From: Patrick Bellasi
Date: Fri Sep 11 2015 - 07:10:36 EST


On Wed, Sep 09, 2015 at 09:16:10PM +0100, Steve Muckle wrote:
> Hi Patrick,

Hi Steve,

> On 09/03/2015 02:18 AM, Patrick Bellasi wrote:
> > In my view, one of the main goals of sched-DVFS is actually that to be
> > a solid and generic replacement of different CPUFreq governors.
> > Being driven by the scheduler, sched-DVFS can exploit information on
> > CPU demand of active tasks in order to select the optimal Operating
> > Performance Point (OPP) using a "proactive" approach instead of the
> > "reactive" approach commonly used by existing governors.
>
> I'd agree that with knowledge of CPU demand on a per-task basis, rather
> than the aggregate per-CPU demand that cpufreq governors use today, it
> is possible to proactively address changes in CPU demand which result
> from task migrations, task creation and exit, etc.
>
> That said I believe setting the OPP based on a particular given
> historical profile of task load still relies on a heuristic algorithm of
> some sort where there is no single right answer. I am concerned about
> whether sched-dvfs and SchedTune, as currently proposed, will support
> enough of a range of possible heuristics/policies to effectively replace
> the existing cpufreq governors.
>
> The two most popular governors for normal operation in the mobile world:
>
> * ondemand: Samples periodically, CPU usage calculated as simple busy
> fraction of last X ms window of time. Goes straight to fmax when load
> exceeds up_threshold tunable %, otherwise scales frequency
> proportionally with load. Can stay at fmax longer if requested before
> re-evaluating by configuring the sampling_down_factor tunable.
>
> * interactive: Samples periodically, CPU usage calculated as simple busy
> fraction of last Xms window of time. Goes to an intermediate tunable
> freq (hispeed_freq) when load exceeds a user definable threshold
> (go_hispeed_load). Otherwise strives to maintain the CPU usage set by
> the user in the "target_loads" array. Other knobs that affect behavior
> include min_sample_time (min time to spend at a freq before slowing
> down) and above_hispeed_delay (allows various delays to further raise
> speed above hispeed freq).
>
> It's also worth noting that mobile vendors typically add all sorts of
> hacks on top of the existing cpufreq governors which further complicate
> policy.

Could it be that many of the hacks introduced by vendors are just
there to implement a kind of "scenario based" tuning of governors?
I mean, depending on the specific use-case they try to refine the
value of exposed tunables to improve either performance,
responsiveness or power consumption?

If this is the case, it means that the currently available governors
are missing an important bit of information: what are the best
tunables values for a specific (set of) tasks?

> The current proposal:
>
> * sched-dvfs/schedtune: Event driven, CPU usage calculated using
> exponential moving average. AFAICS tries to maintain some % of idle
> headroom, but if that headroom doesn't exist at task_tick_fair(), goes
> to max frequency. Schedtune provides a way to boost/inflate the demand
> of individual tasks or overall system demand.
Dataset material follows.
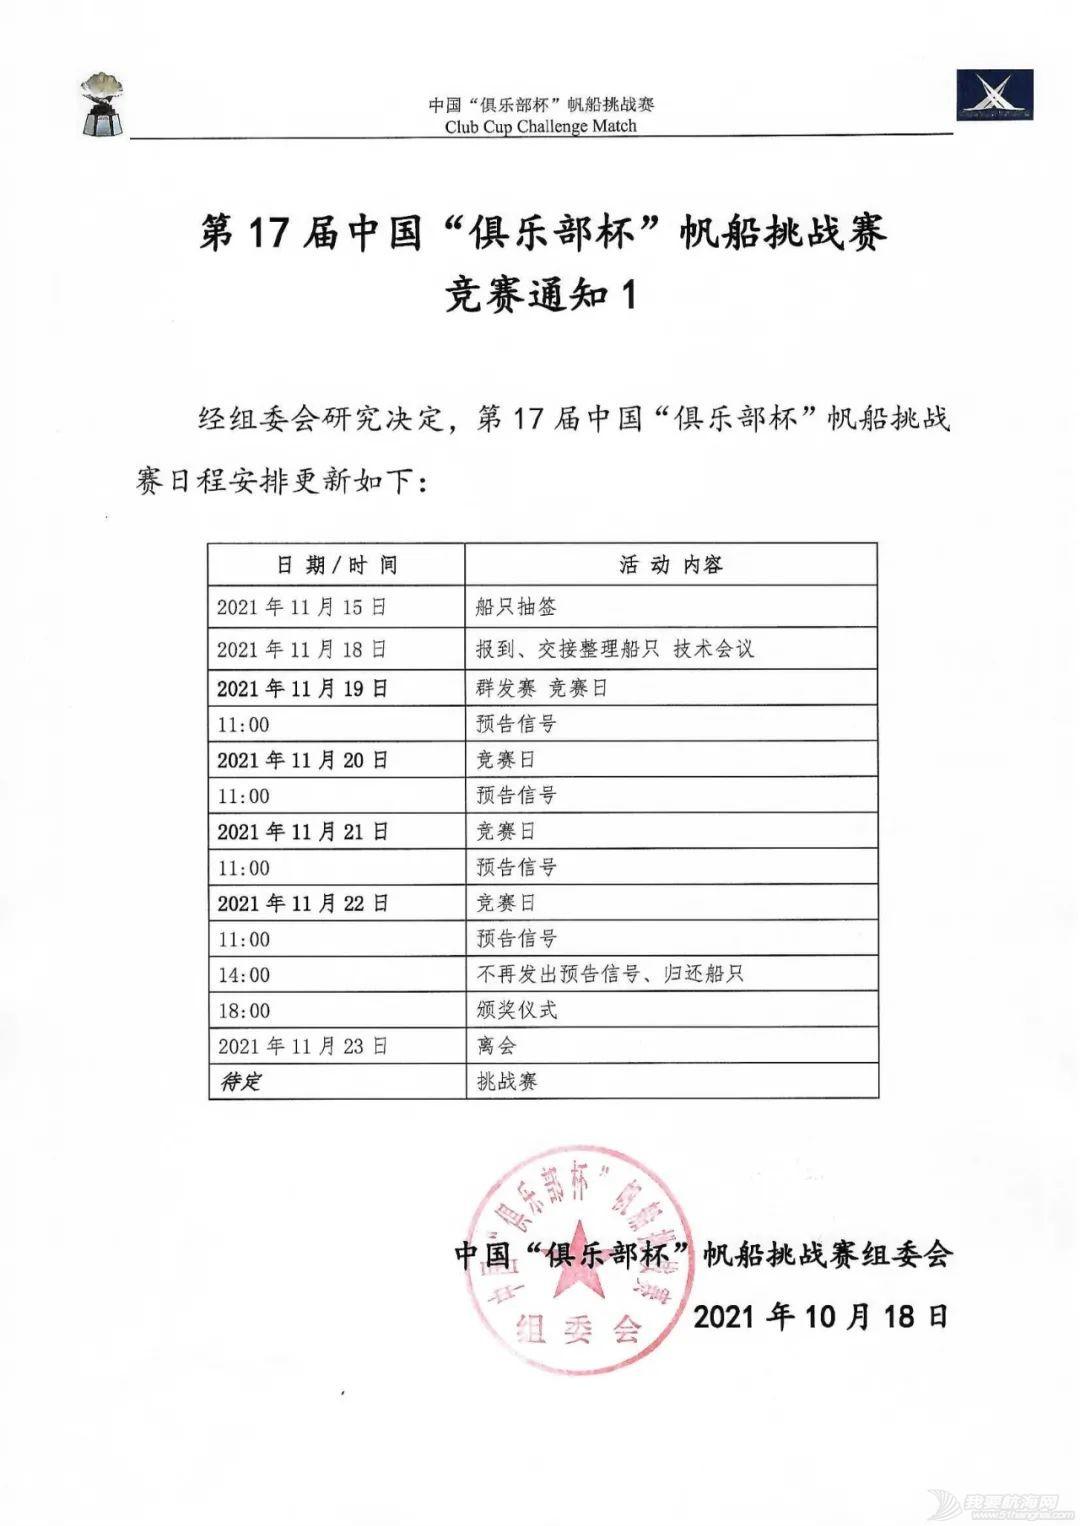 竞赛通知1 | 第17届中国俱乐部杯帆船挑战赛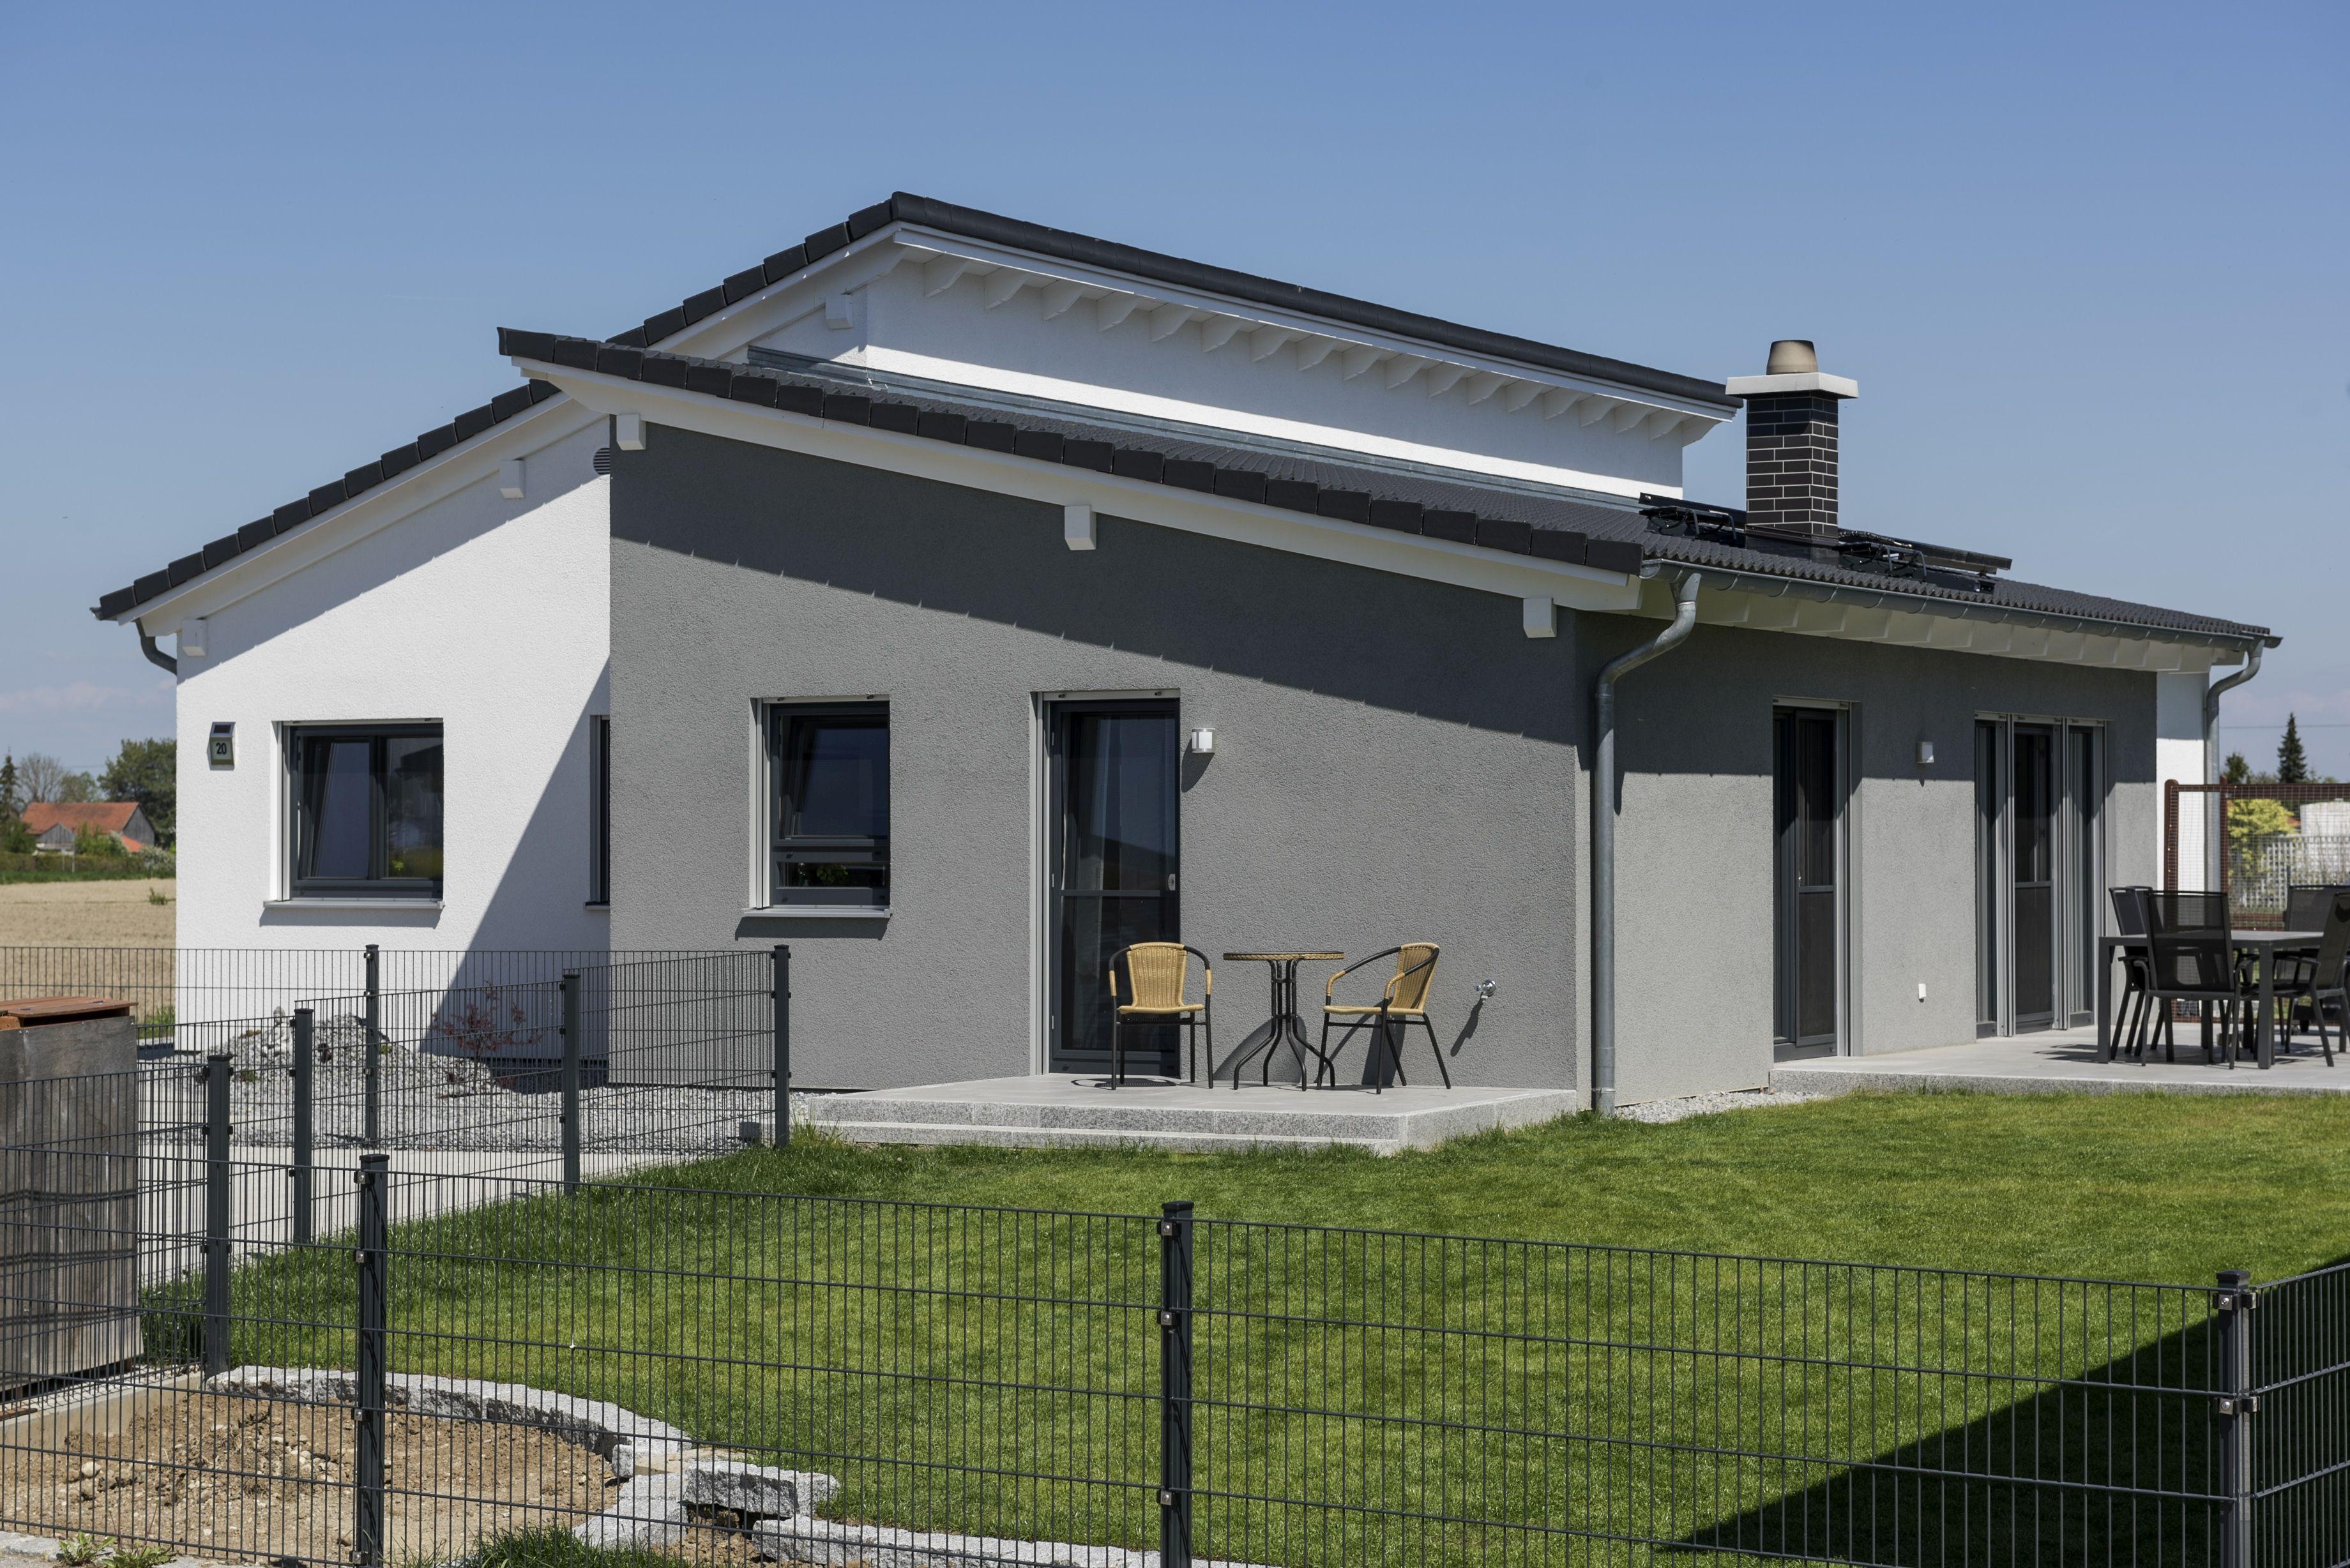 ein versetztes pultdach verleiht diesem bungalow ein modernes erscheinungsbild individuell. Black Bedroom Furniture Sets. Home Design Ideas

That's quite of a good description. One small correction is that, at
least in the implementation presented by this RFC, SchedTune is not
boosting individual tasks but just the CPU usage.
The link with tasks is just that SchedTune knows how much to boost a
CPU usage by keeping track of which tasks are runnable on that CPU.
However, the utilization signal of each task is not actually modified
from the scheduler standpoint.

> This looks a bit like ondemand to me but without the
> sampling_down_factor functionality and using per-entity load tracking
> instead of a simple window-based aggregate CPU usage.

I agree in principle.
An important difference worth to notice is that we use an "event
based" approach. This means that an enqueue/dequeue can trigger
an immediate OPP change.
If you consider that commonly ondemand uses a 20ms sample rate while
an OPP switch never requires (quite likely) more than 1 or 2 ms, this
means that sched-DVFS can be much more reactive on adapting to
variable loads.

> The interactive functionality would require additional knobs. I
> don't think schedtune will allow for tuning the latency of CPU
> frequency changes (min_sample_time, above_hispeed_delay, etc).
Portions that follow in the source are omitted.